As Reuters reports, Microsoft isn’t looking to open its own automated grocery stores, but it wants to be the company behind the scenes running the operation. With that in mind, a new software system is being designed at Redmond to allow other retailers to offer an Amazon Go-like experience in their own stores.
Microsoft is thought to already be at a point where it can show retailers a sample of the system in action, with Walmart being one of the first to experience it. One of the biggest obstacles that needs to be overcome is cost. The profit margins at grocery stores aren’t exactly huge and expensive tech could easily wipe them out.
Microsoft’s solution to that is apparently attempting to minimize data transfers to the cloud, instead handling most of the data and processing on-site using what Microsoft CEO Satya Nadella referred to as an “intelligent edge” device. Of course, for now Microsoft isn’t commenting publicly about any of this.

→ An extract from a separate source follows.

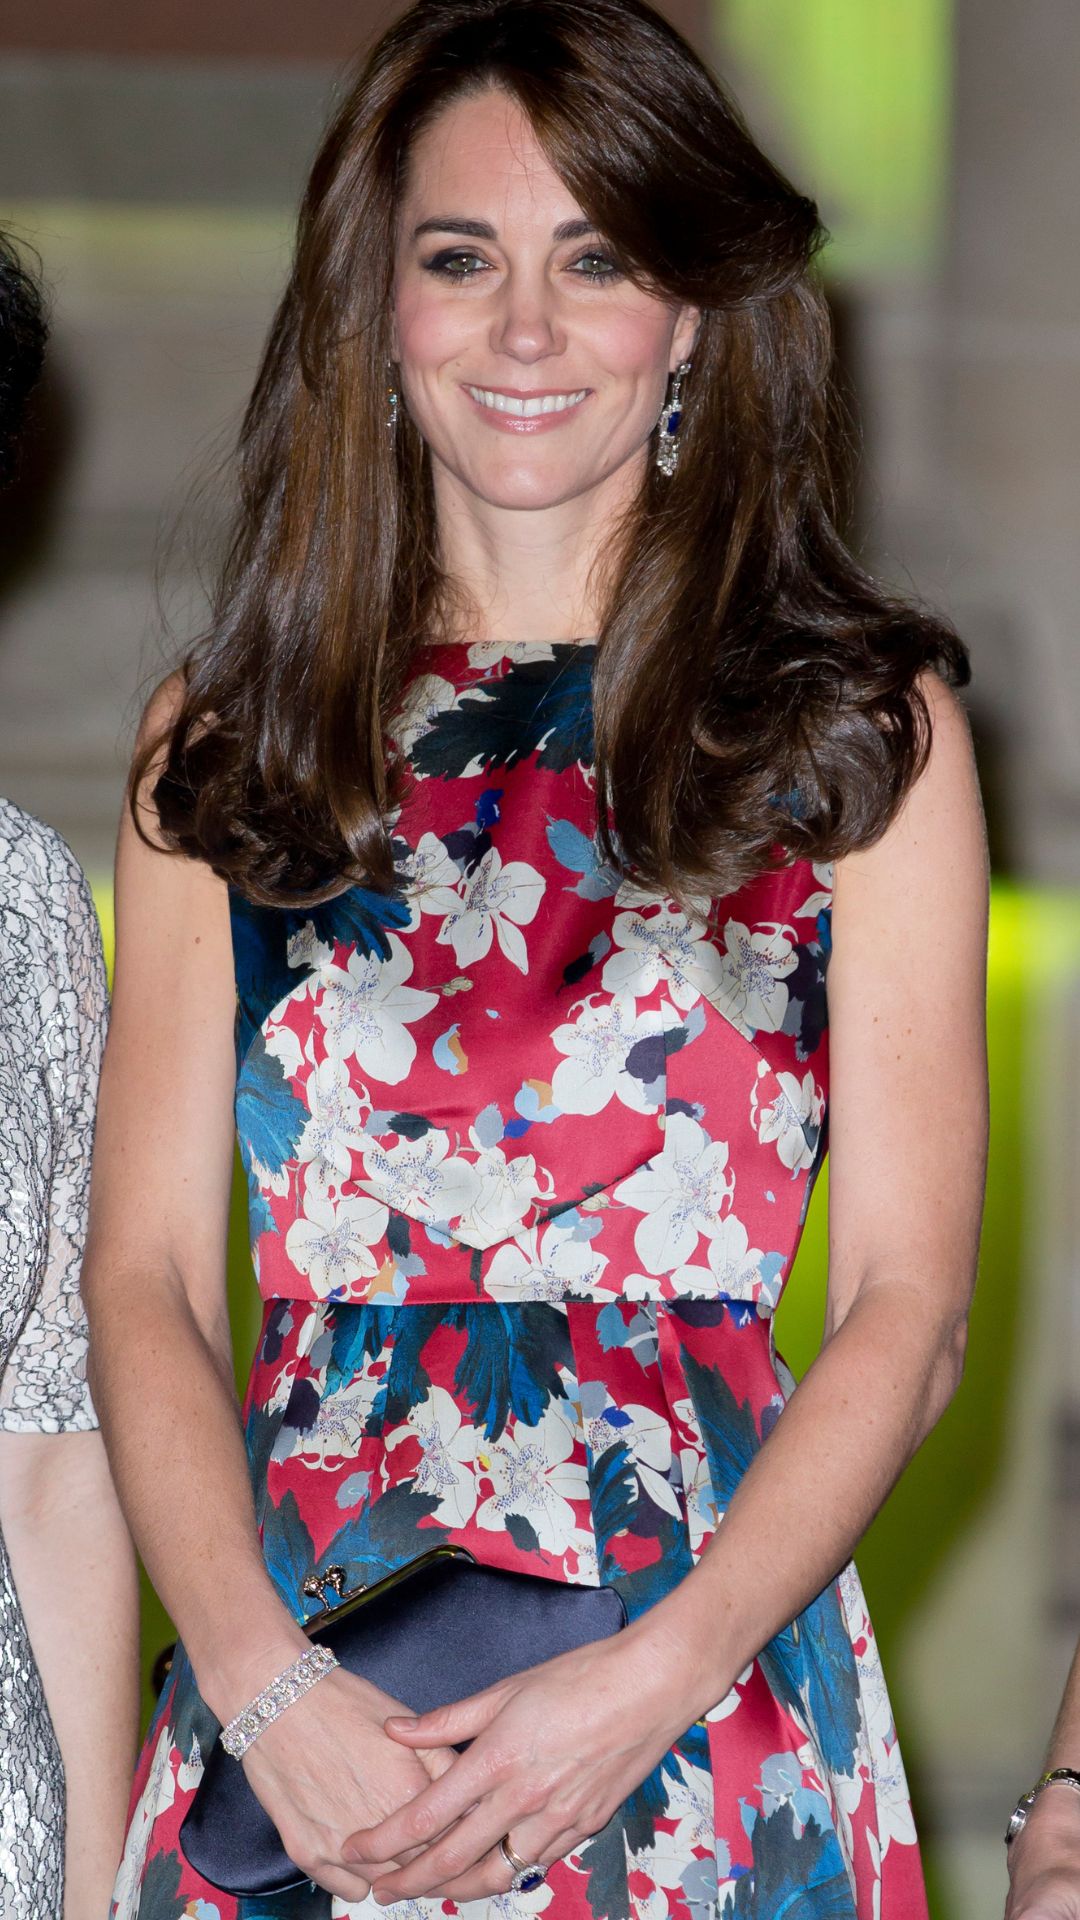 Kate Middleton debuted curtain bangs and a satin floral gown | Woman & Home

Amazon has a big head start in this area with an already functioning automated store and more to come. The company also won’t be worried about competition because Amazon can’t easily be beaten on cost as it owns the whole pipeline. Amazon Go runs on Amazon Web Services, uses an Amazon app, attracts people Amazon already counts as customers, and relies on a delivery network for restocking that Amazon already has in place.